Полковник снял фуражку и принялся вытирать большим платком сначала лоб и виски себе, потом внутреннюю часть околыша.
— Отвезти вас в гостиницу?
— Благодарю, товарищ полковник. Я пойду пешком.
Полковник проводил его за дежурный пост, пожал руку и сказал вдогонку:
— А в Лужники-то съездите, не пожалеете.
…Барышев понимал, что за этим вызовом, за вопросами маршала, за вежливостью полковника кроется что-то необычное. Впрочем, теперешнее особенное расположение полковника, который и прежде был вежливым, можно понять. По все остальное было отражением каких-то событий, какой-то обстановки, которой Барышев не знал. Но он знал точно, что лично к нему претензий здесь нет. И он был доволен собой. И твердо решил, что в Лужники он пойдет.

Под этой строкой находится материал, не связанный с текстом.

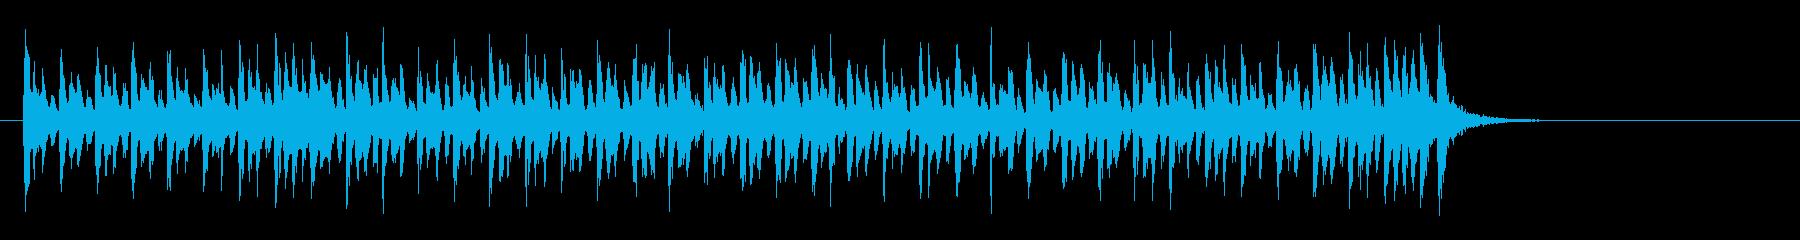 かわいいクラシカルポップ(イントロ~A)の再生済みの波形

Громадный Дворец спорта был заполнен до отказа, но не вместил всех желающих. Десятки тысяч людей заполнили его. Сотни машин, автобусы, такси запрудили пространство перед главным входом. И впервые сейчас Барышев осознал громадность Москвы. Он растерялся, запутался, замучился, он почти потерял себя, пока добрался до своего места. На ум ему пришло, что в пустыне он увидел бы человека с высоты в три тысячи метров, а здесь трудно было разглядеть отдельную фигуру — качается темное, пестрое человеческое море, неуправляемое, не подчиненное никаким закономерностям.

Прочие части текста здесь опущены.